■ **Stored dataset items**
***
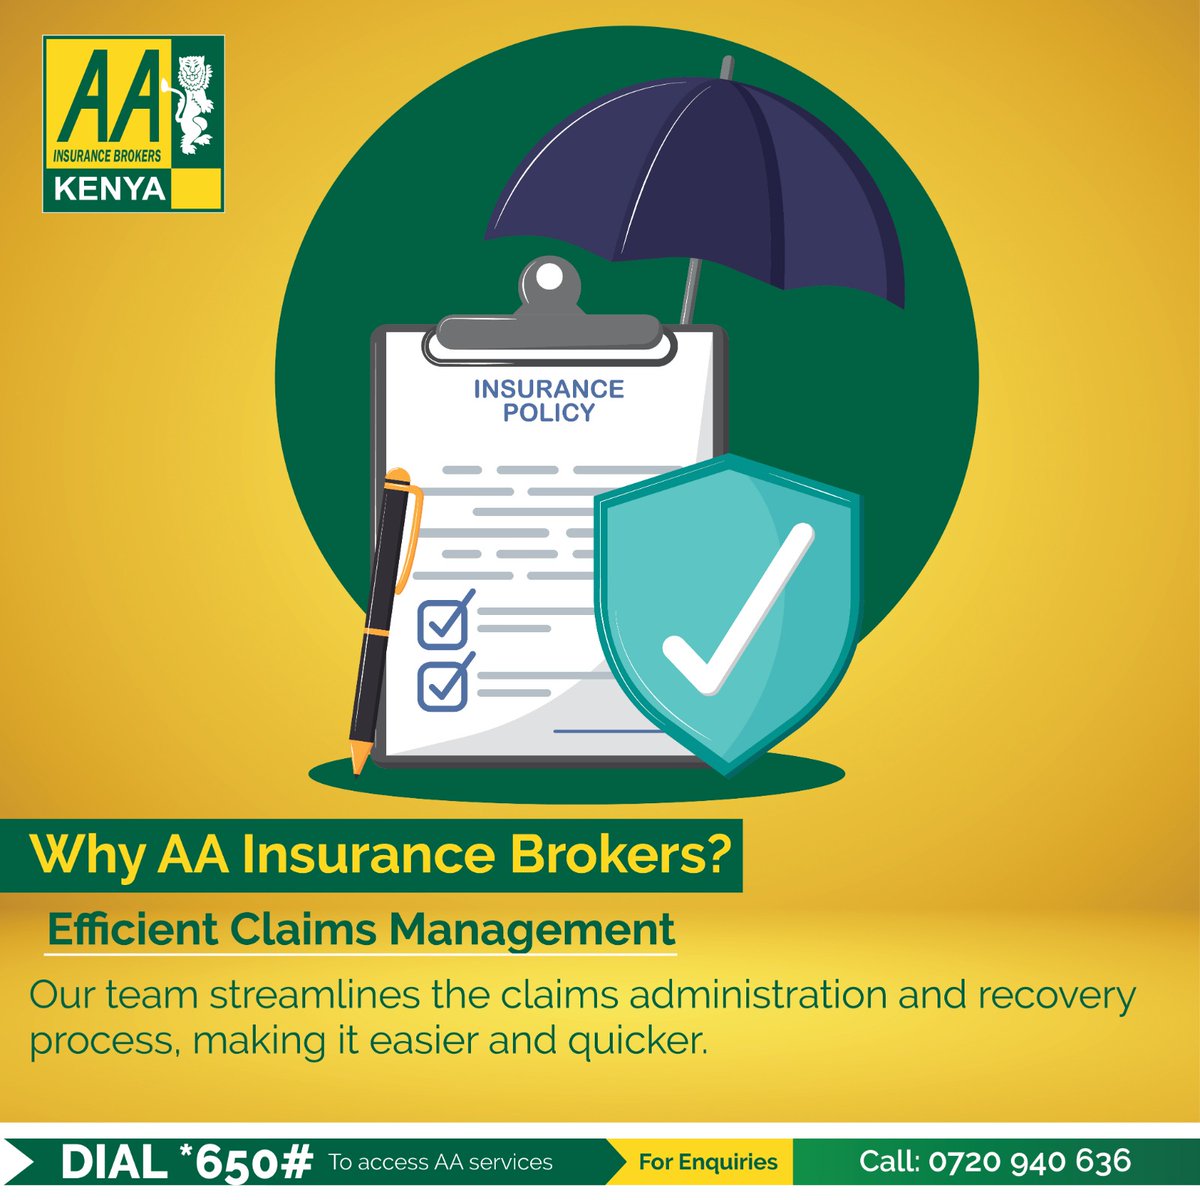 AA Insurance Brokers team makes the claims administration and recovery process easier and quicker. We ensure strict adherence to the SLAs we have with most underwriters, and constant follow-ups thereby ensuring timely settlement and fairness on claims.
☎️0720 940636
#AAIBCares
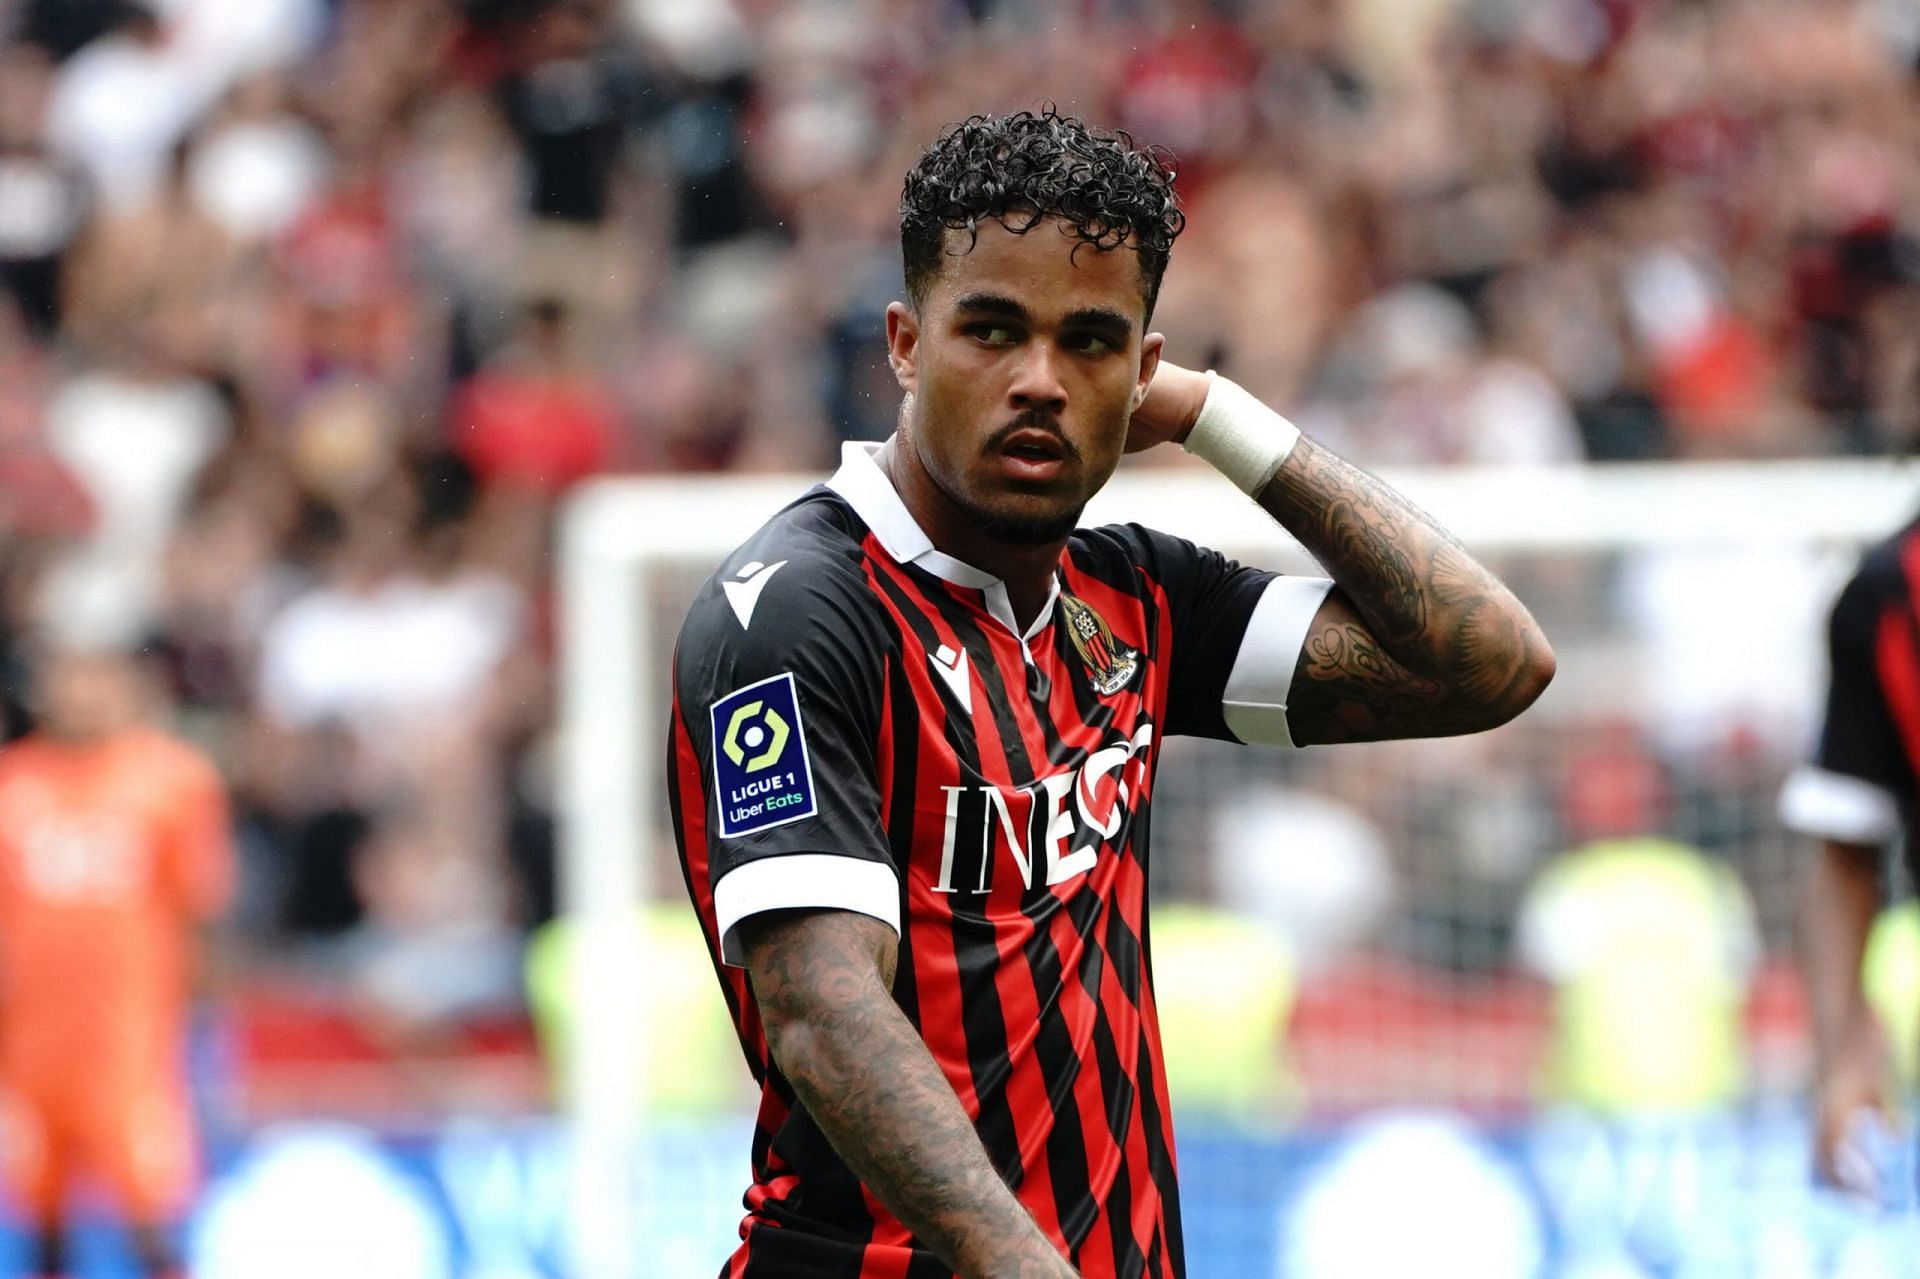 Kluivert will be a huge miss for Nice
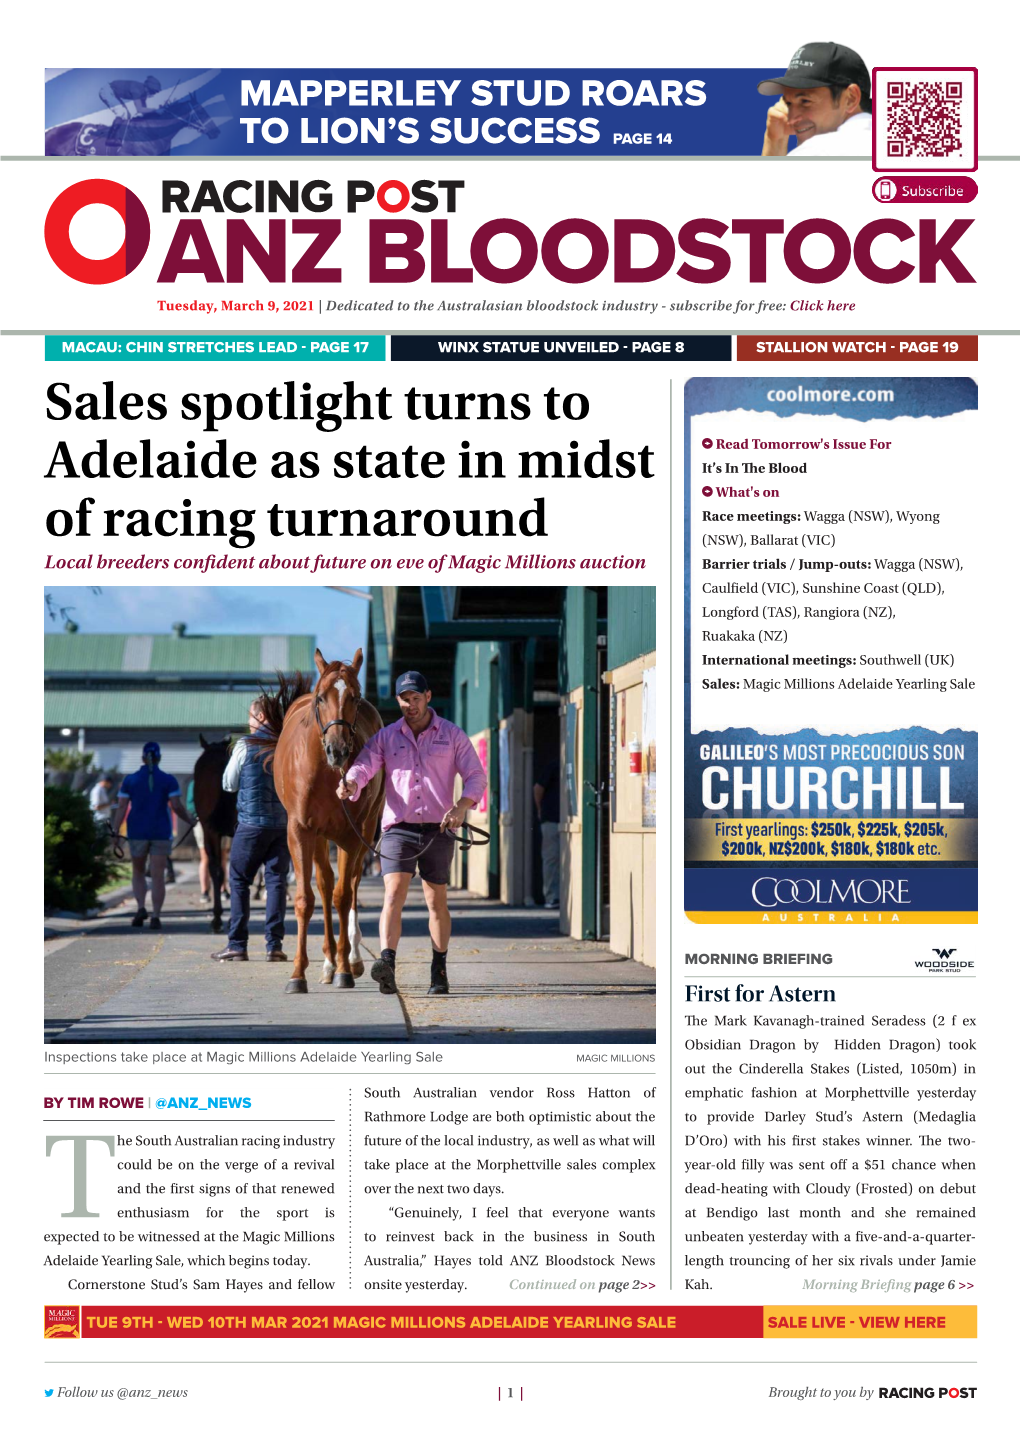 Sales Spotlight Turns to Adelaide As State in Midst of Racing Turnaround | 2 | Tuesday, March 9, 2021
***
■ **Exercise brief**
Return each entry exactly as it appears above, but exclude the pictures.

■ **Output below**
 AA Insurance Brokers team makes the claims administration and recovery process easier and quicker. We ensure strict adherence to the SLAs we have with most underwriters, and constant follow-ups thereby ensuring timely settlement and fairness on claims.
☎️0720 940636
#AAIBCares
 Kluivert will be a huge miss for Nice
 Sales Spotlight Turns to Adelaide As State in Midst of Racing Turnaround | 2 | Tuesday, March 9, 2021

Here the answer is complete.